Again, as with the first procedure, at the two extremes the p-values are compared to 0.05 and to 0.05/17. The progression of the thresholds, though, is not linear, and the stepping direction is in the other way – from the smallest p-value to the largest.

So far we have demonstrated both procedures on the same data. There is a difference between the results of the analysis of the two procedures, the first one rejecting 9 hypotheses the second only 9. Which one is more appropriate? The first procedure requires that the estimated differences be statistically independent or positively dependent. The second one requires no such assumption – in fact it requires no assumption at all. Checking the dependencies among our differences of endpoints we found a few quite large and significant negative correlations. Therefore, the correct procedure to use in this example is the more general second procedure.

As to the second example from Crabbe et al (1999), the design of the study implies that the tests are almost independent (testing interactions and main effects in a balanced ANOVA). Therefore we may use the first procedure. Exact p-values are not given in that paper, bthe available information allows to make some rough arithmetic: among the 56 tested hypotheses, 14 p-values are less than .00001, 6 between 0.00001 and 0.001, and 4 between 0.001 and 0.01. Thus the 24th p-value is less than 0.01. Since 0.01 < 0.05*24/56 at least these 24 p-values should be rejected. Had we had the full information, it is quite possible that a few more hypotheses could be rejected.

This paper also demonstrates how to overcome a possible manipulation of the FDR criterion. One may make the FDR criterion less restrictive by “throwing in” among the tested hypotheses a few ones that are plainly false, and therefore sure rejections.
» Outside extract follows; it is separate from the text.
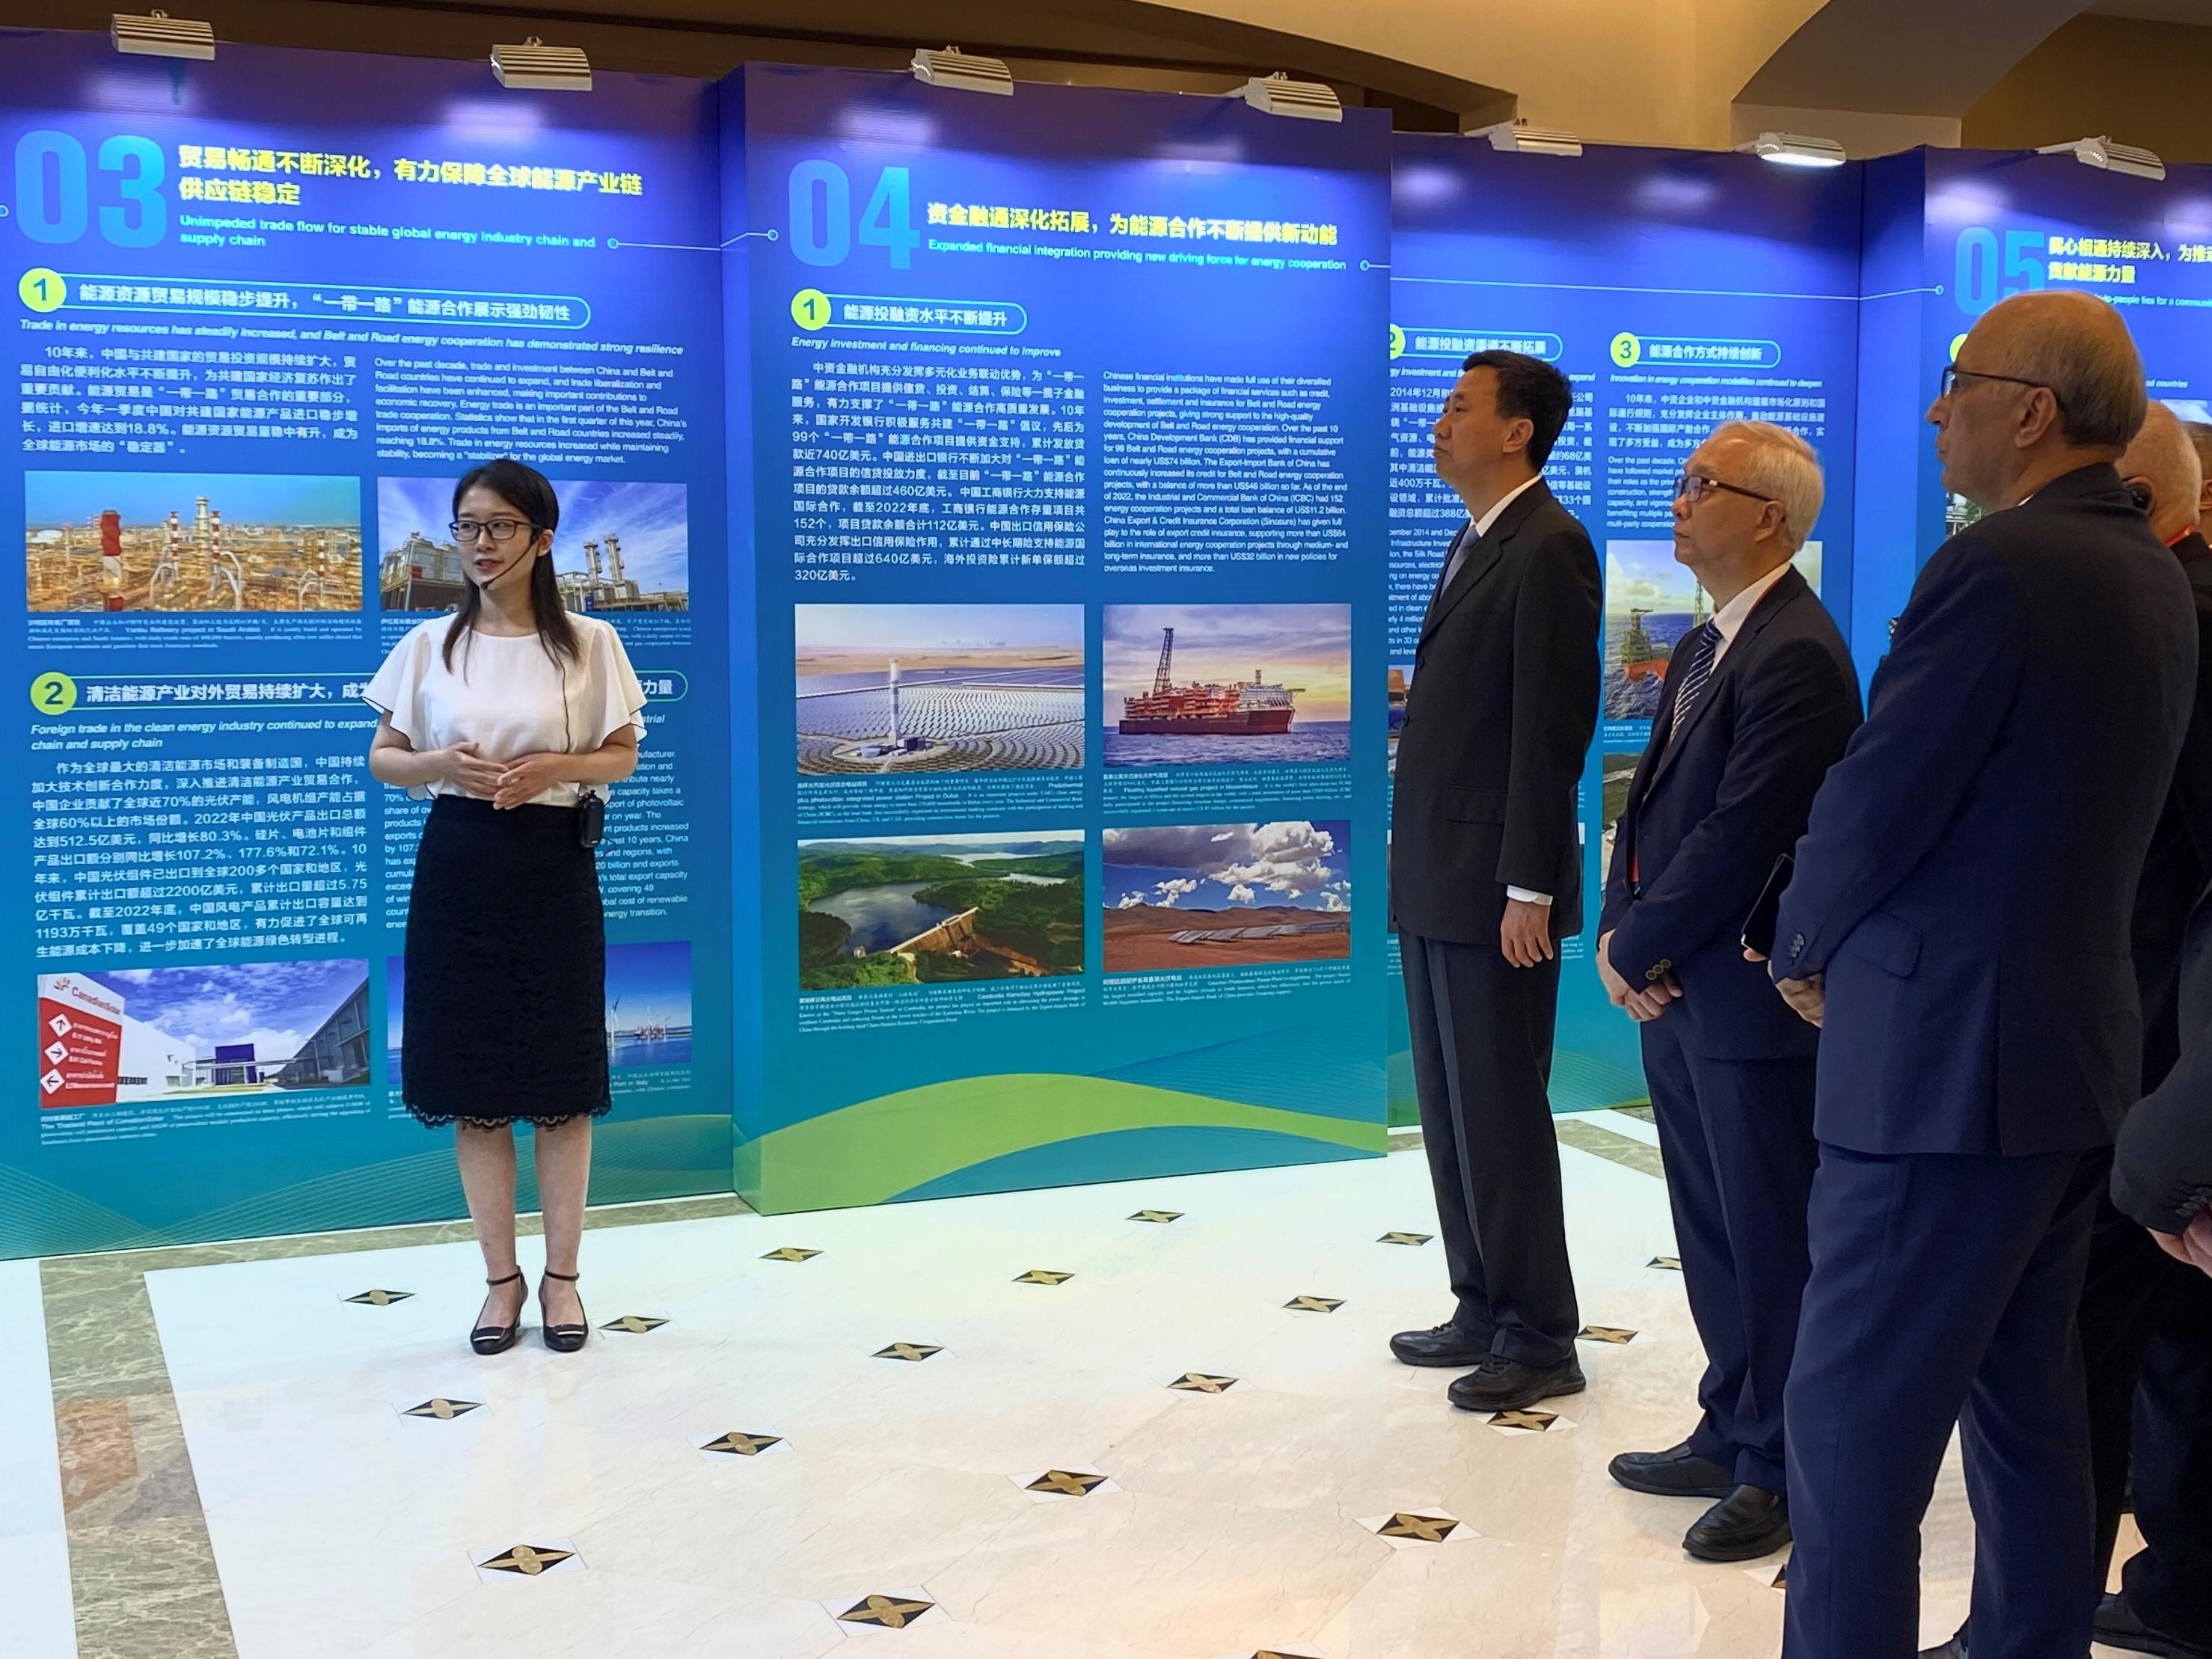 The Secretary for Environment and Ecology, Mr Tse Chin-wan, today (May 24) attended the Third Belt and Road Energy Partnership Forum in Xiamen. Photo shows Mr Tse (second right) and Deputy Director of the National Energy Administration Mr Ren Jingdong (third right), visiting the Exhibition on the 10th Anniversary of Belt and Road Energy Cooperation, specially set-up for the event, with representatives from other  countries. 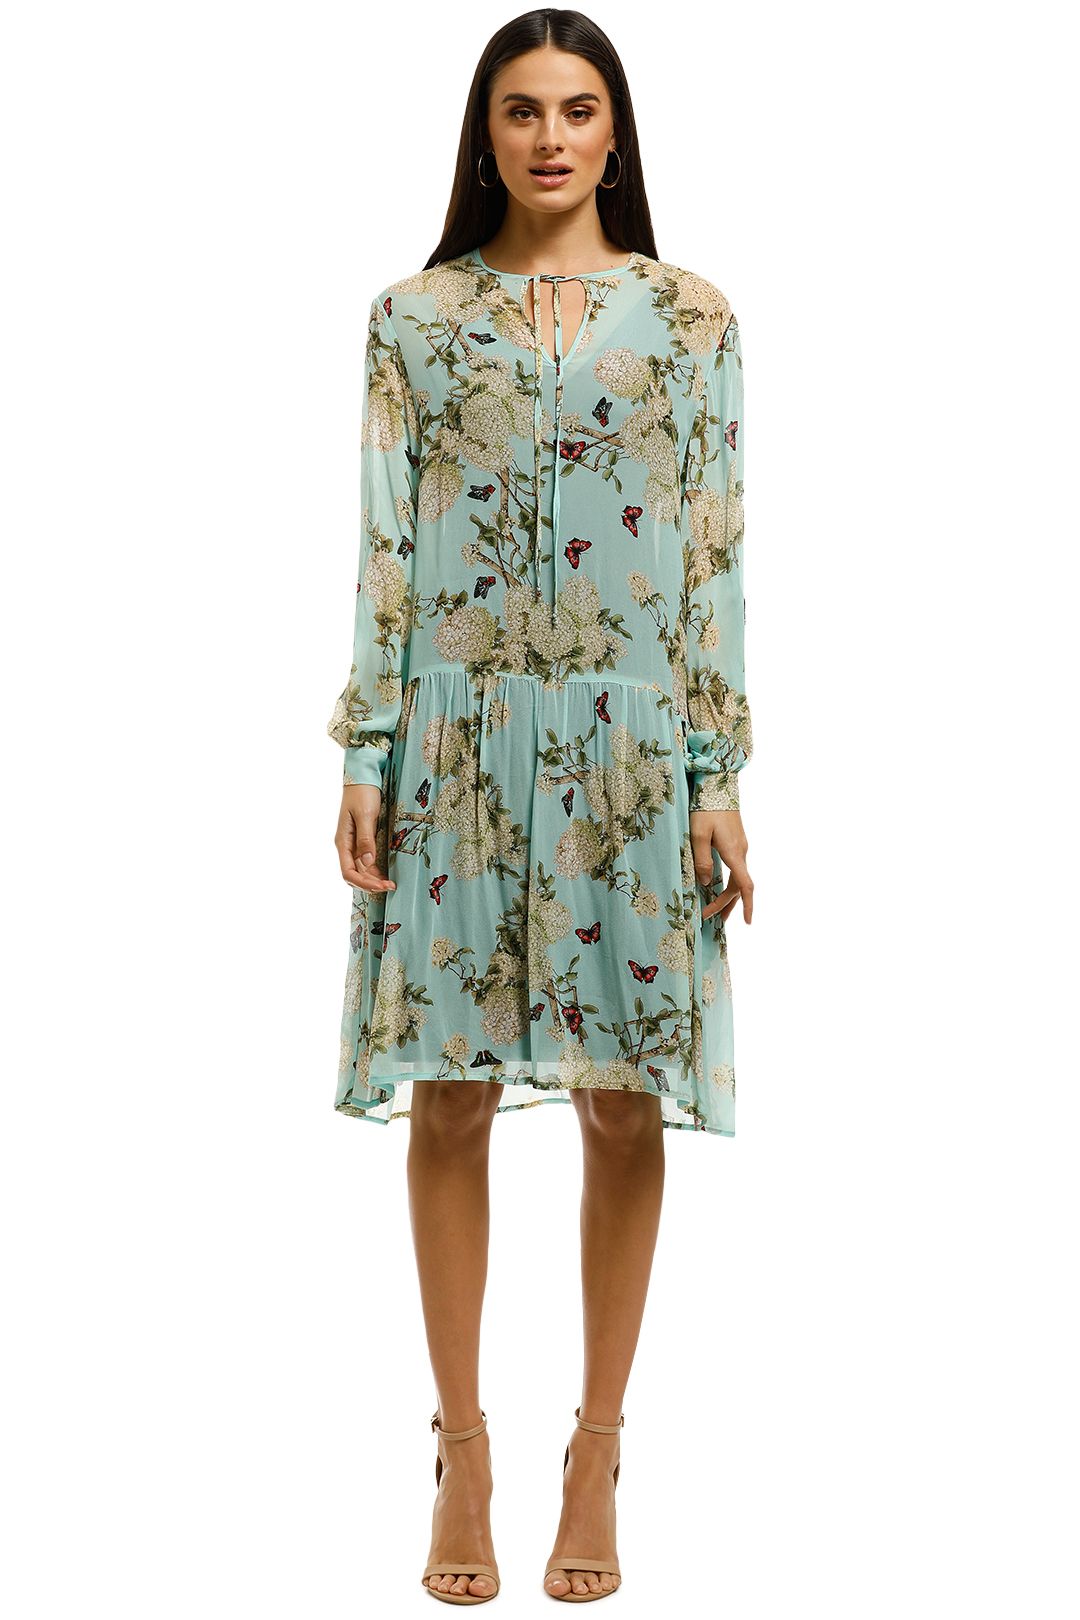 Curate-by-Trelise-Cooper-Tie-Me-Up-Dress-Blue-Floral-Front

In this study the strains and parameters were so chosen to bring out strain differences as clearly as possible – here for a good reason and not merely in order to manipulate the FDR criterion. However, the information needed to tackle this difficulty appears also in the study: identifying the 8 “obvious” strain main effects, we can take them out of the analysis thereby leaning towards a more conservative FDR analysis. Having now 16 p-values less than 0.01, they should be compared to 0.05*16/48, and these same 16 are still rejected. The skeptic readers of other studies can always perform the above sensitivity analysis, if they suspect a problem, because the relevant information has to be included in the studies.

4. Discussion

It is clear that the Multiple Comparisons Problem has to be addressed in the comparison of behavioral endpoints between strains of mice. This is especially important in any automated screening tool which is designed for discovering of genetic differences, such as the effort of Golani et al (2000) in the study of exploratory behavior. The control of the false discovery rate seems to us the appropriate approach for that purpose, striking a balance between the concern about type I error-rate and the concern about type II error-rate that arises from being too conservative. In both examples analyzed this was evident, and in the analysis of Crabbe et al (1999) in fact the procedure actually got at the compromising level of strictness chosen by the experimenters on an intuitive level. We therefore recommend using FDR controlling procedures while screening an established list of endpoints or a potential pool of new ones.

Traditional multiple comparisons procedures offer even stricter control against the increased type I error of discovering a non-existing difference. Thus, if differences are found which pass the Bonferroni threshold, or other procedures that control the familywise error-rate, the evidence should be regarded as stronger. Williams et al suggest calling such differences as “highly significant”, and those passing the FDR threshold as simply “significant”. We are not sure that such formalism is needed, but we do emphasize that if a difference is not found to be statistically significant after controlling for the FDR, it should not be declared “statistically significant” - even if individually its corresponding p-value is less than 0.05.